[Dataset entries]

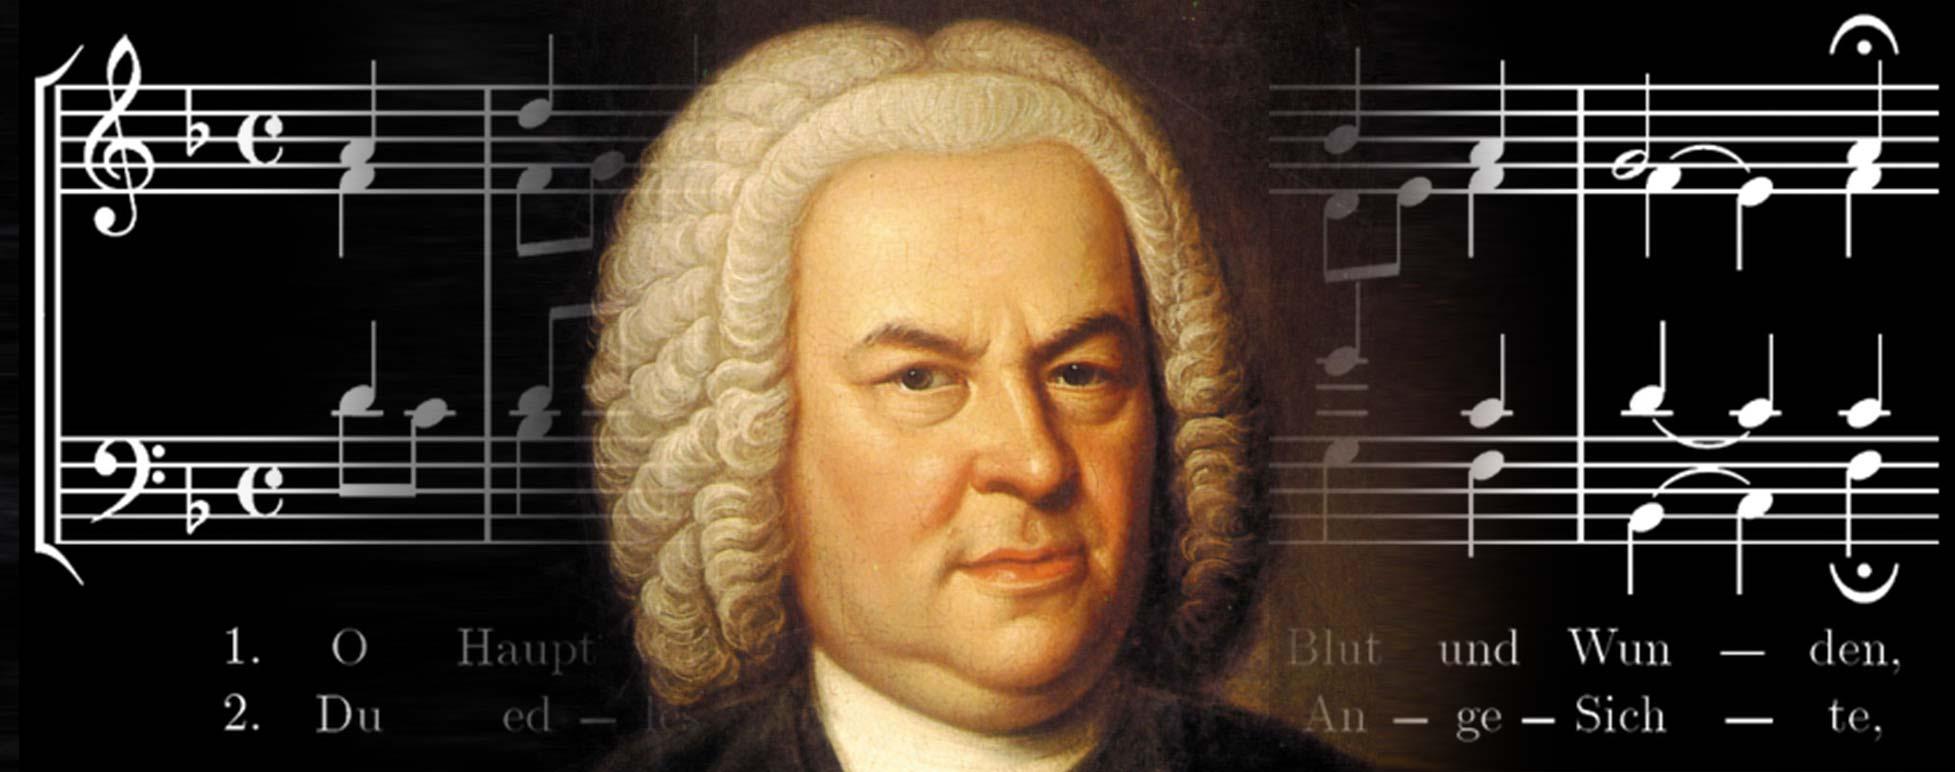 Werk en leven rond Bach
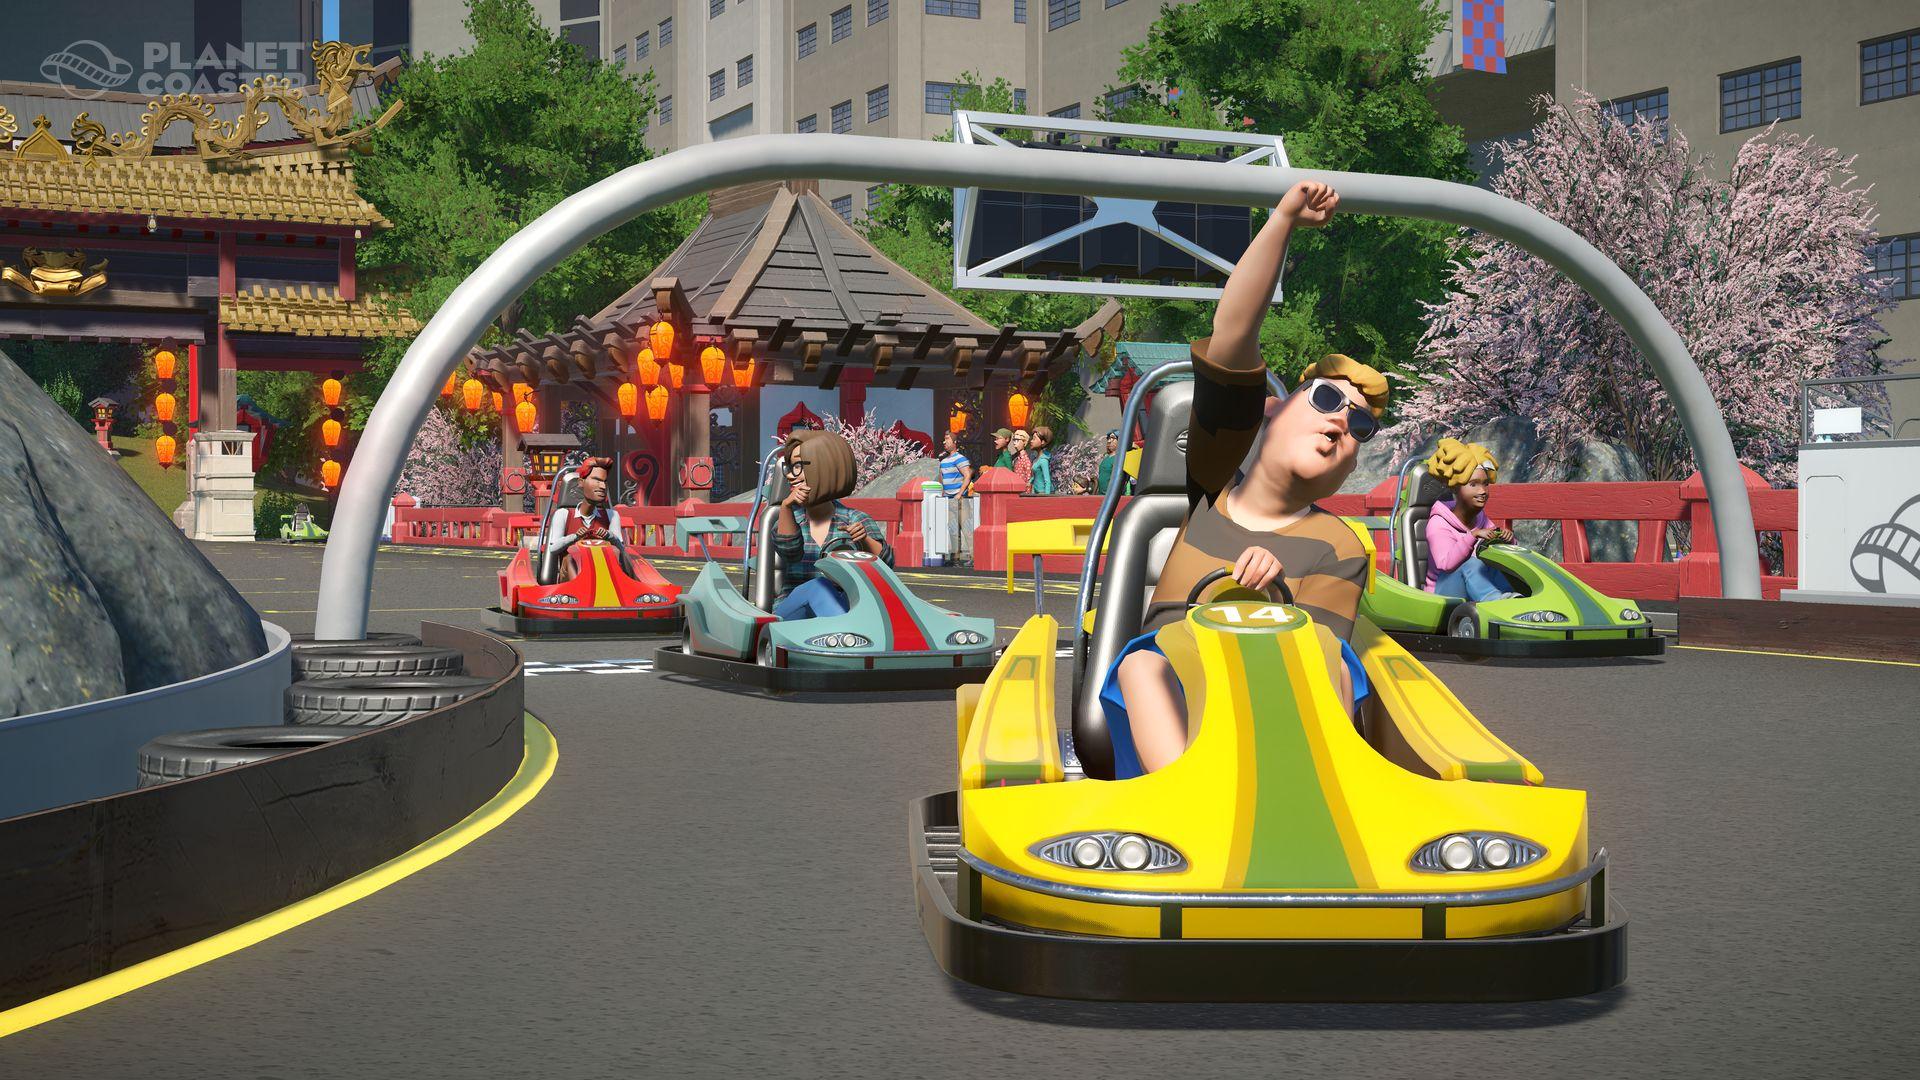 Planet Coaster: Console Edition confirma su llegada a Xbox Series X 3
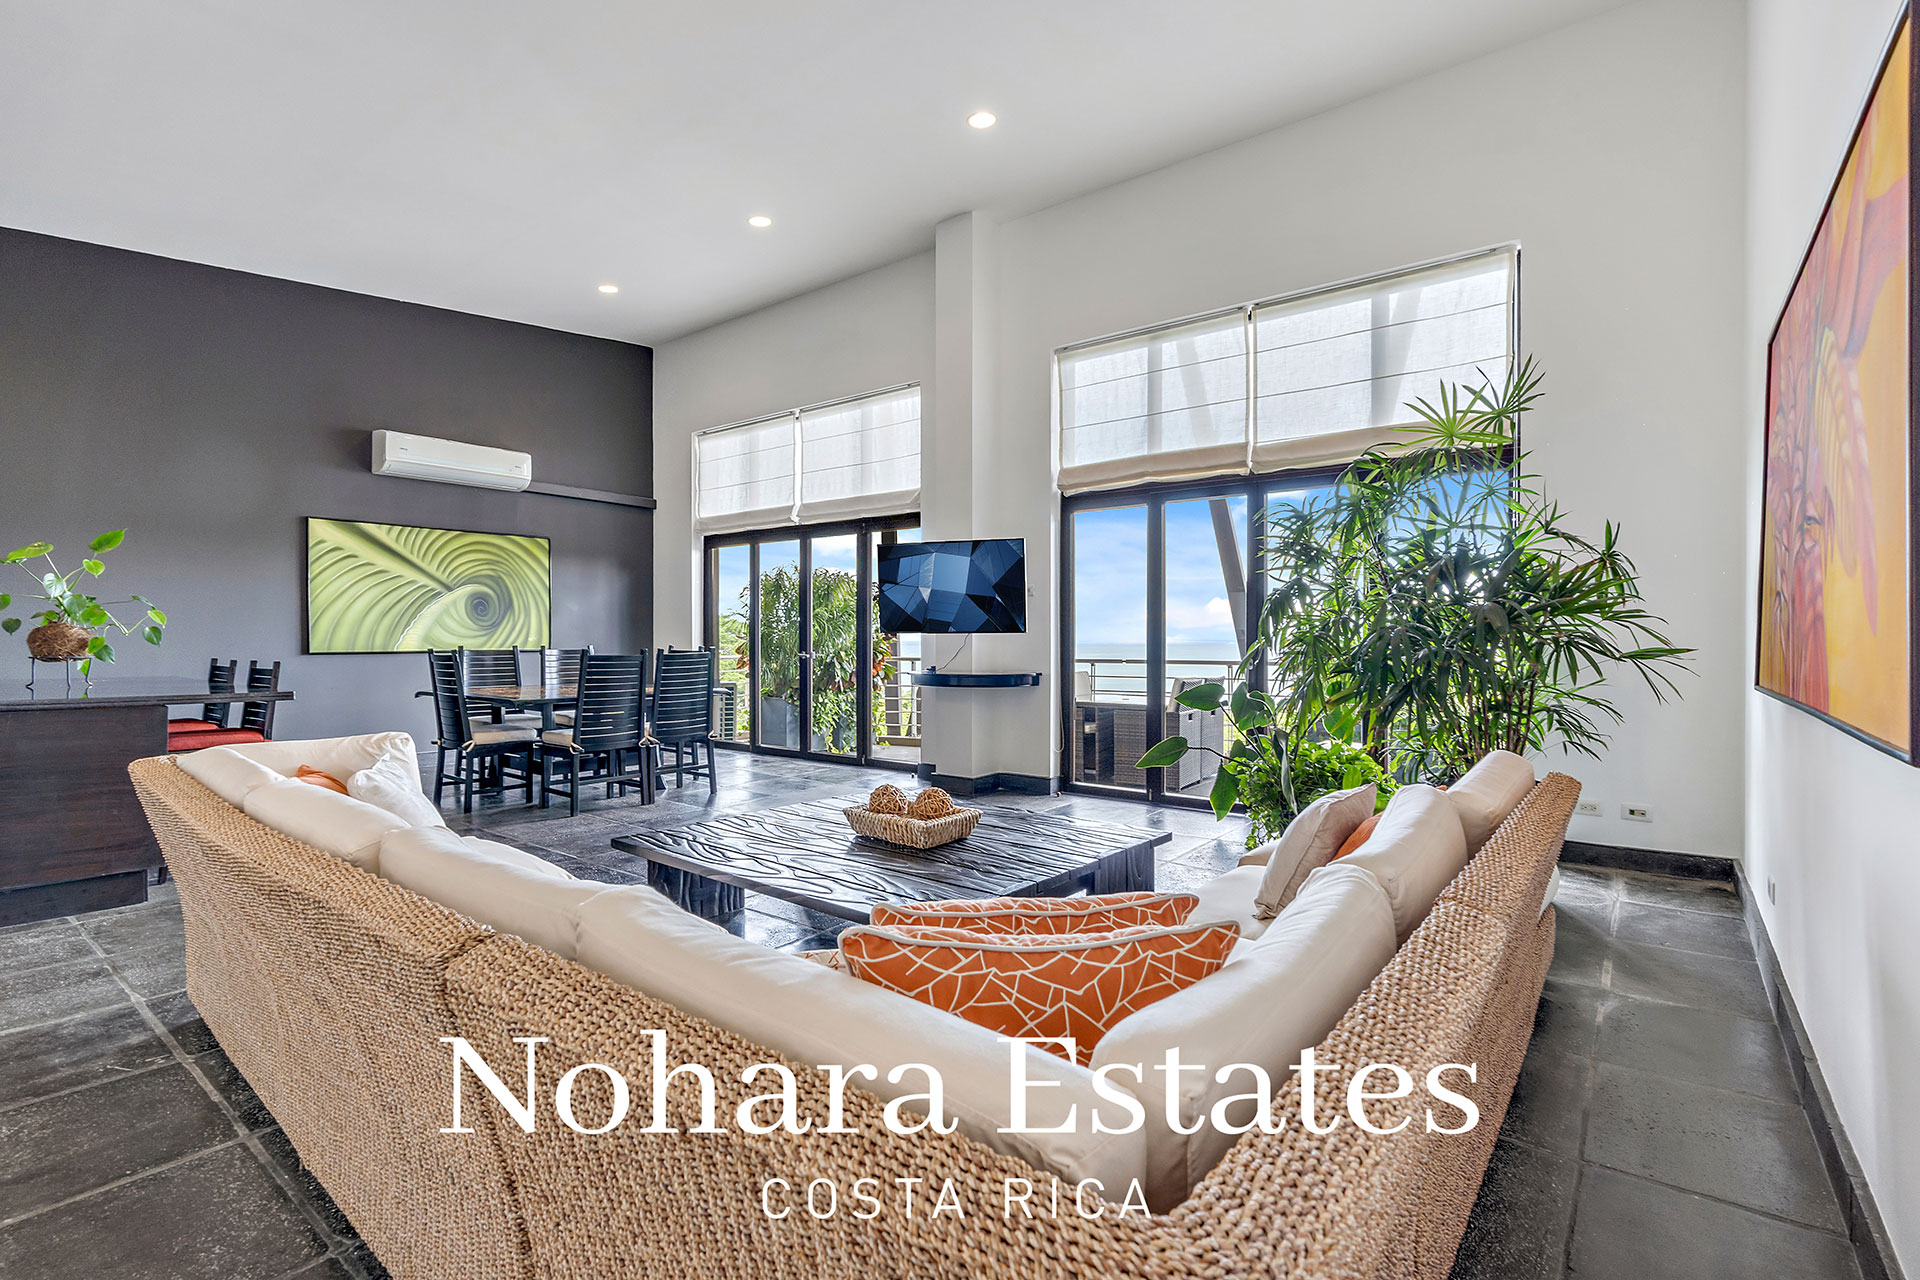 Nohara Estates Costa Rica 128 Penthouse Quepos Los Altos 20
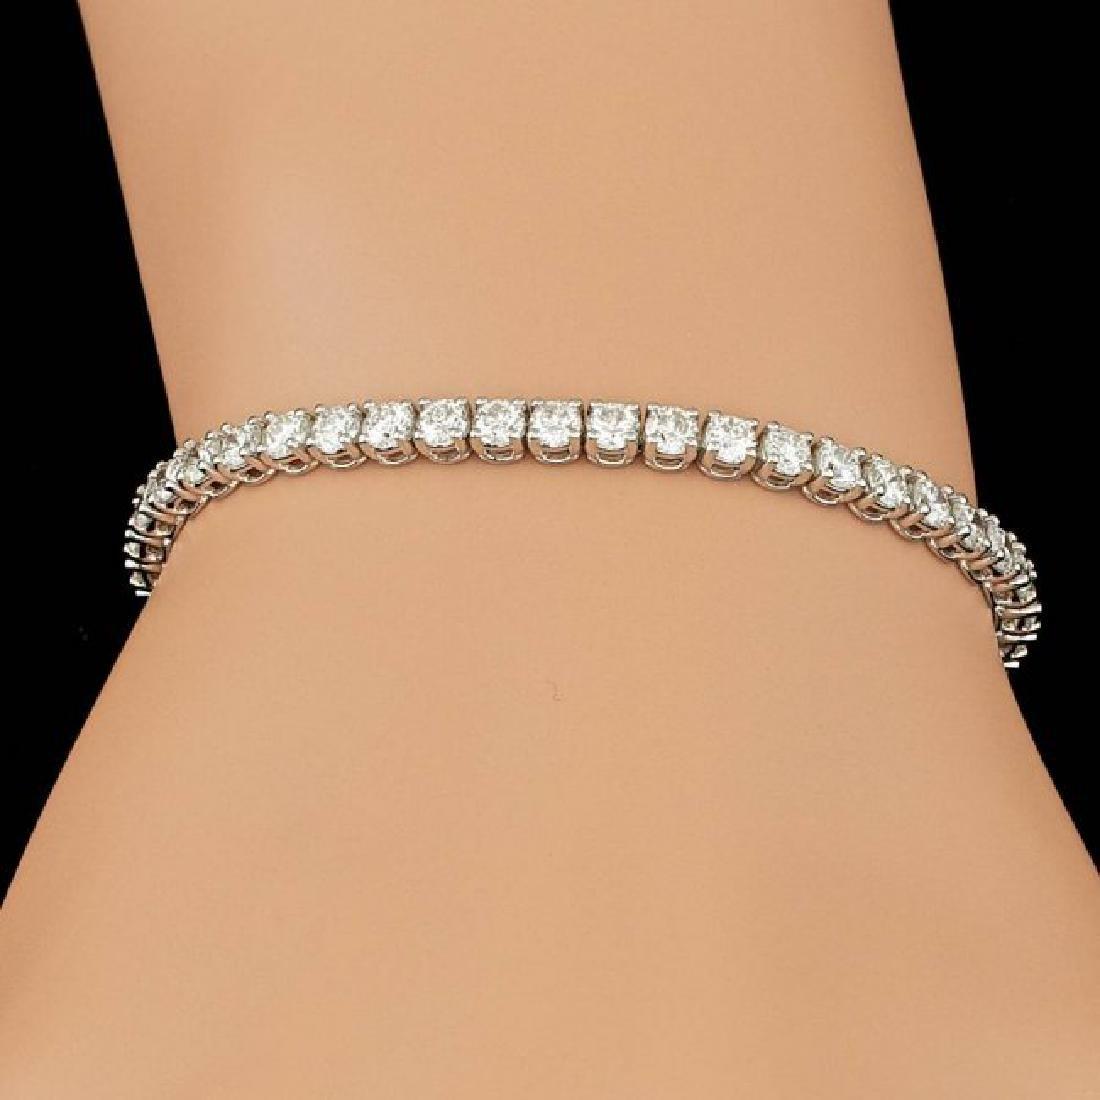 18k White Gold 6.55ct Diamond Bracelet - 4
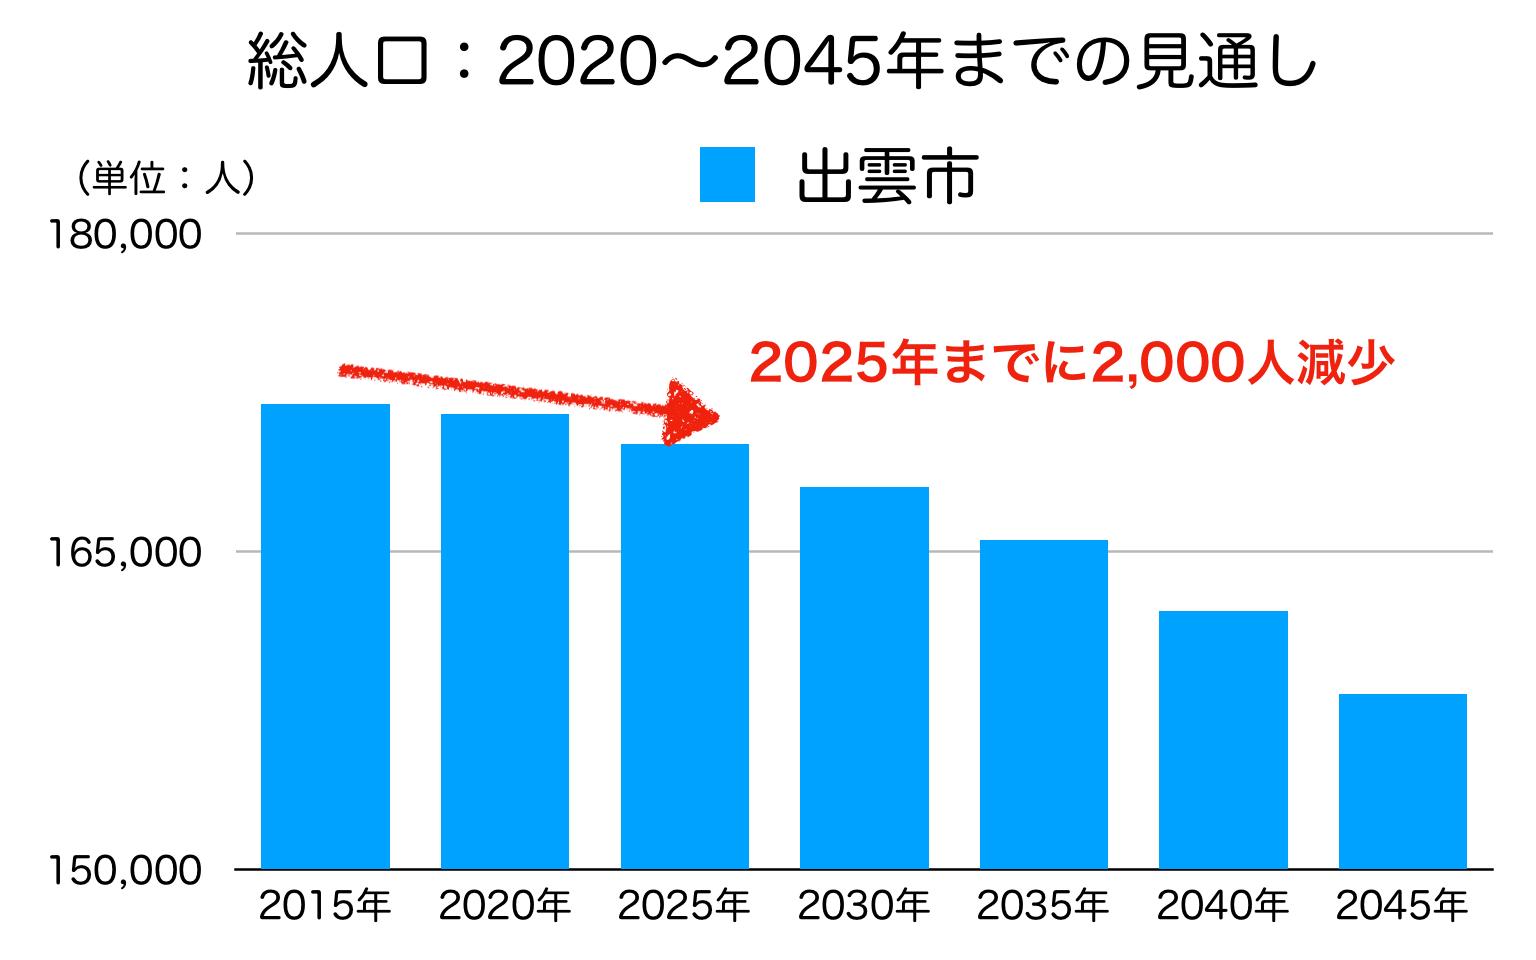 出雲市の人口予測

- _Task to complete_
Copy exactly the lines from the line that has "Planet Coaster: Console" through the last line of the entries above, inclusive, and no others. Pictures do not go in the copy.

- _Completed task_
 Planet Coaster: Console Edition confirma su llegada a Xbox Series X 3
 Nohara Estates Costa Rica 128 Penthouse Quepos Los Altos 20
 18k White Gold 6.55ct Diamond Bracelet - 4
 出雲市の人口予測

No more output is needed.